Sulla carta, Venezia 72 sa come farsi voler bene agli occhi di un cinefilo, e del resto un festival che offre le nuove opere di Aleksandr Sokurov e Frederick Wiseman ha già ampiamente giustificato la sua ragion d’essere. Poco cinema asiatico (pur con nomi di pregio, come Tsai Ming-liang, fuori concorso con “Afternoon”)? Troppa Italia? Troppa Francia (presente anche in numerose coproduzioni)? Può darsi, ma l’attenzione nei confronti dei paesi cinematograficamente meno frequentati dal pubblico (oltre ai già citati, tra i corti abbiamo Kirghizistan, Montenegro, Croazia) è comunque lodevole.

Se invece vogliamo sminuire la Mostra considerandola solo come un contenitore per quei film che andranno a contendersi gli Oscar nel 2016, allora Venezia non può competere, fosse anche solo per ragioni di convenienza (i grossi studios e le star si spostano a fatica, l’abbiamo capito), con i festival nordamericani di Toronto, Telluride e New York. Né, è evidente, con la realtà completamente diversa di Cannes. Va bene così, a ciascuno la sua specificità, da mettere in discussione di volta in volta. Oggi lasciamo Barbera sperando che Venezia 72 sappia davvero essere sorprendente.

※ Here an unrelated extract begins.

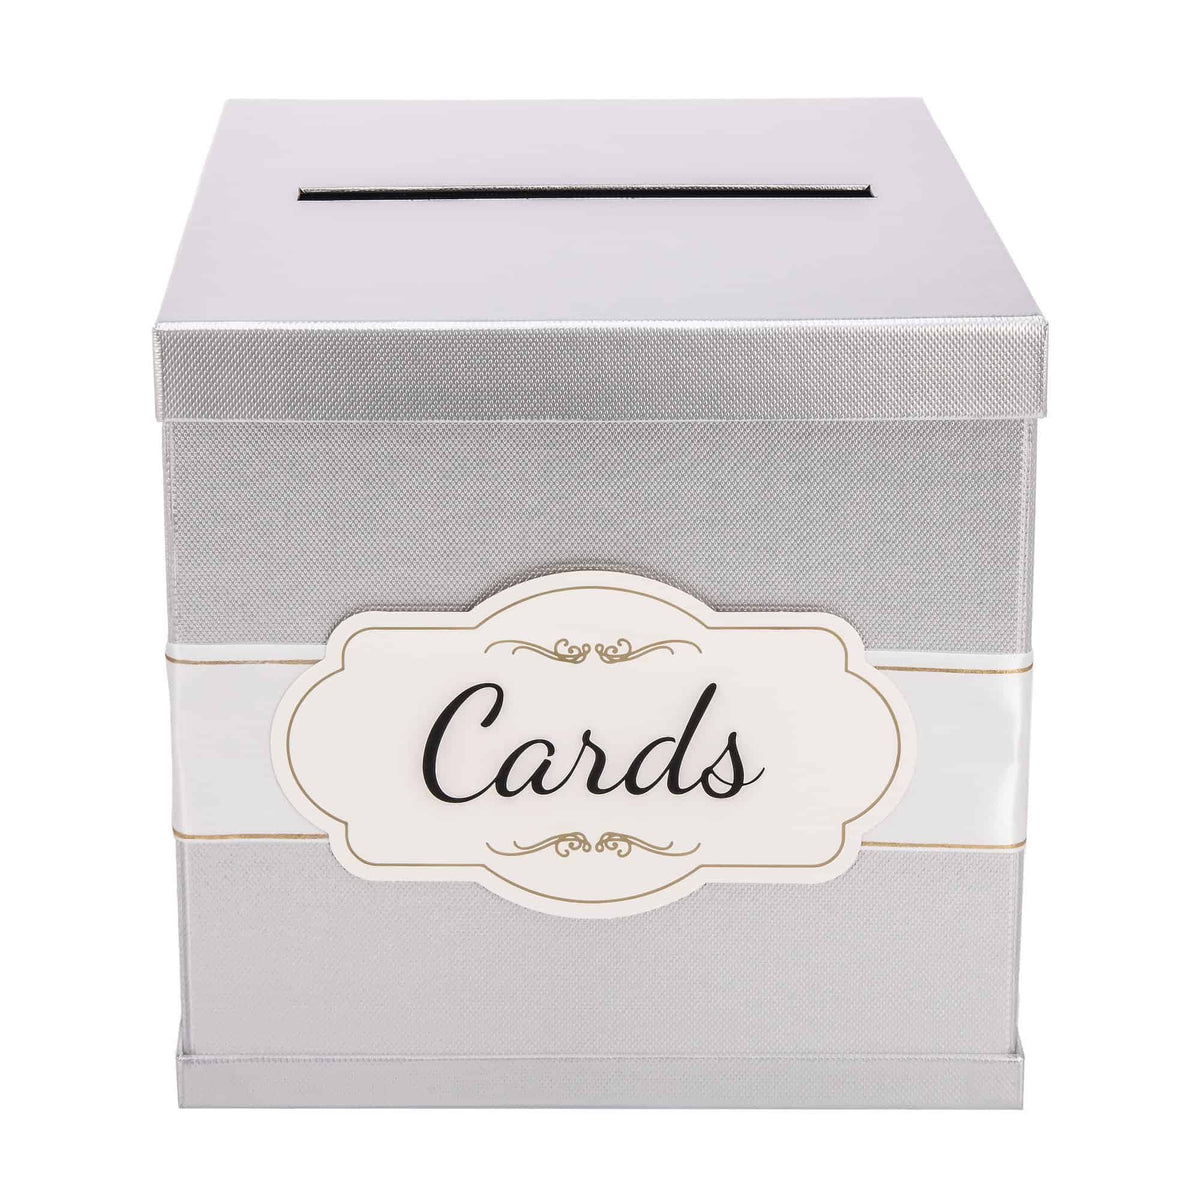 Cardboard Black and White Wedding Card Box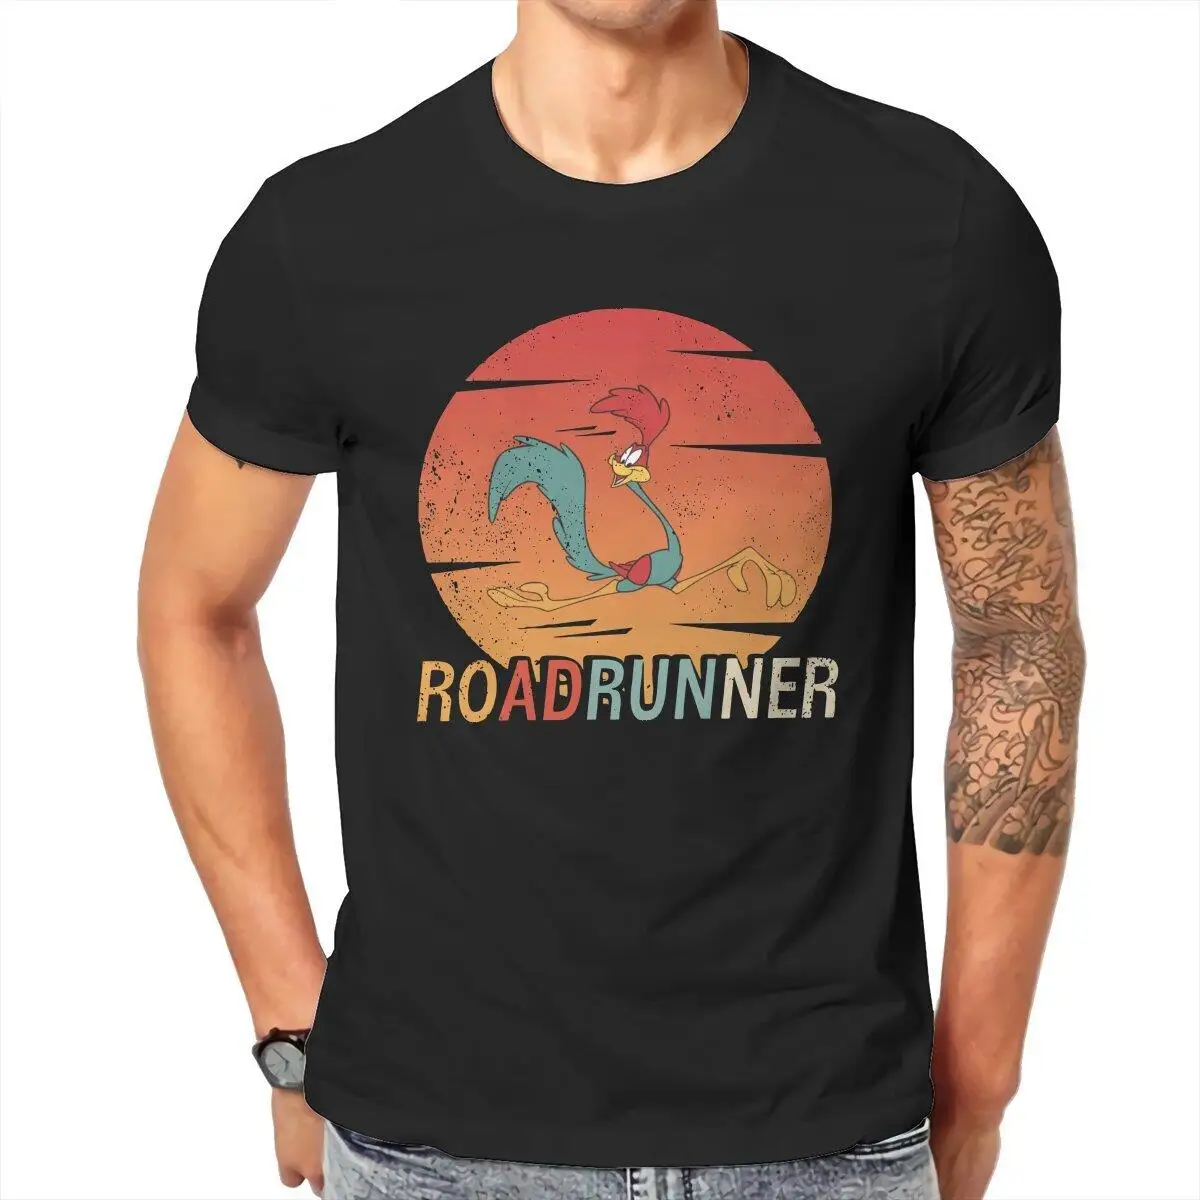 Amazing Vintage Retro Roadrunner Silhouette T-Shirts Men O Neck 100% Cotton T Shirts  Short Sleeve Tee Shirt Gift Idea Clothes

(In coda, una nota sul tristemente famoso “buco”, la zona limirofa al Palazzo del Cinema ancora in attesa di riqualificazione. Come spiega però Baratta, le decisioni su quel cantiere sempre fermo «spettano solo al Comune di Venezia. Noi ci auguriamo che la cittadella del cinema venga considerata nel suo insieme, nel rispetto di chi al Lido vive e di chi usufruisce di quegli spazi durante la Mostra».)